You are viewing the NeMo 2.0 documentation. This release introduces significant changes to the API and a new library, NeMo Run. We are currently porting all features from NeMo 1.0 to 2.0. For documentation on previous versions or features not yet available in 2.0, please refer to the NeMo 24.07 documentation.

Losses#

class nemo.collections.common.losses.AggregatorLoss(*args: Any, **kwargs: Any)#

Sums several losses into one.

Parameters:
  • num_inputs – number of input losses

  • weights – a list of coefficient for merging losses

__init__(
num_inputs: int = 2,
weights: List[float] | None = None,
)#
class nemo.collections.common.losses.CrossEntropyLoss(*args: Any, **kwargs: Any)#
__init__(
logits_ndim=2,
weight=None,
reduction='mean',
ignore_index=-100,
)#
Parameters:
  • logits_ndim (int) – number of dimensions (or rank) of the logits tensor

  • weight (list) – list of rescaling weight given to each class

  • reduction (str) – type of the reduction over the batch

class nemo.collections.common.losses.MSELoss(*args: Any, **kwargs: Any)#
__init__(reduction: str = 'mean')#
Parameters:

reduction – type of the reduction over the batch

class nemo.collections.common.losses.SmoothedCrossEntropyLoss(*args: Any, **kwargs: Any)#

Calculates Cross-entropy loss with label smoothing for a batch of sequences.

SmoothedCrossEntropyLoss: 1) excludes padding tokens from loss calculation 2) allows to use label smoothing regularization 3) allows to calculate loss for the desired number of last tokens 4) per_token_reduction - if False disables reduction per token

Parameters:
  • label_smoothing (float) – label smoothing regularization coefficient

  • predict_last_k (int) – parameter which sets the number of last tokens to calculate the loss for, for example 0: (default) calculate loss on the entire sequence (e.g., NMT) 1: calculate loss on the last token only (e.g., LM evaluation) Intermediate values allow to control the trade-off between eval time (proportional to the number of batches) and eval performance (proportional to the number of context tokens)

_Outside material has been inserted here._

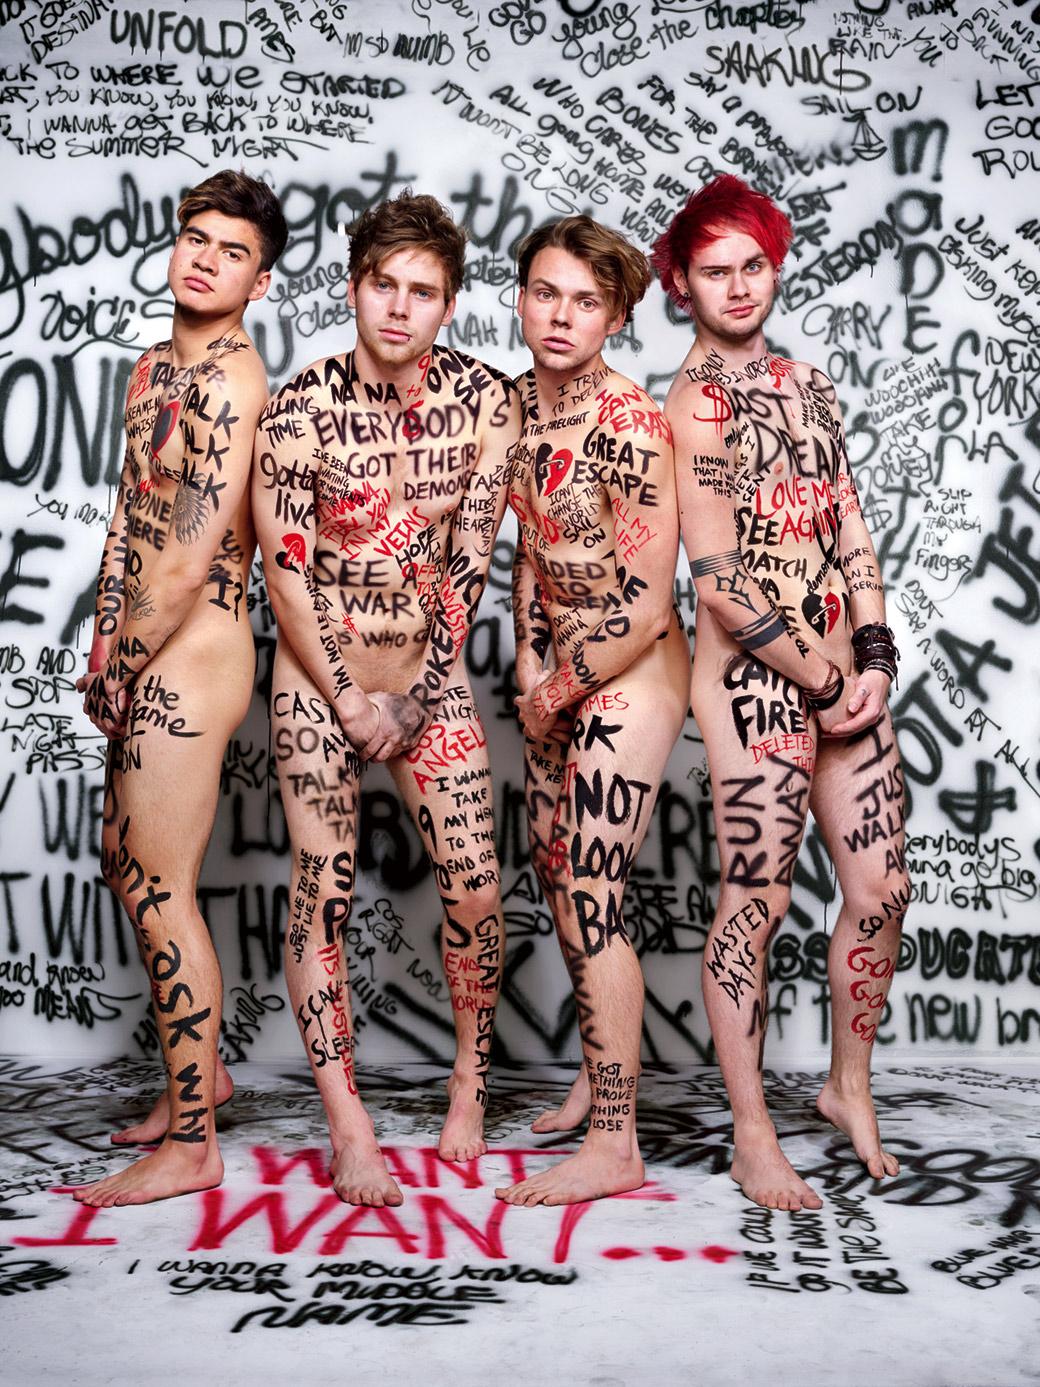 I 5SOS sono Luke Hemmings, Michael Clifford, Calum Hood e Ashton Irwin - Foto Martin Schoeller per Rolling Stone

  • pad_id (int) – padding id

  • eps (float) – the small eps number to avoid division buy zero

__init__(
pad_id: int | None = None,
label_smoothing: float | None = 0.0,
predict_last_k: int | None = 0,
eps: float = 1e-06,
per_token_reduction: bool = True,
)#
class nemo.collections.common.losses.SpanningLoss(*args: Any, **kwargs: Any)#

implements start and end loss of a span e.g. for Question Answering.

__init__()#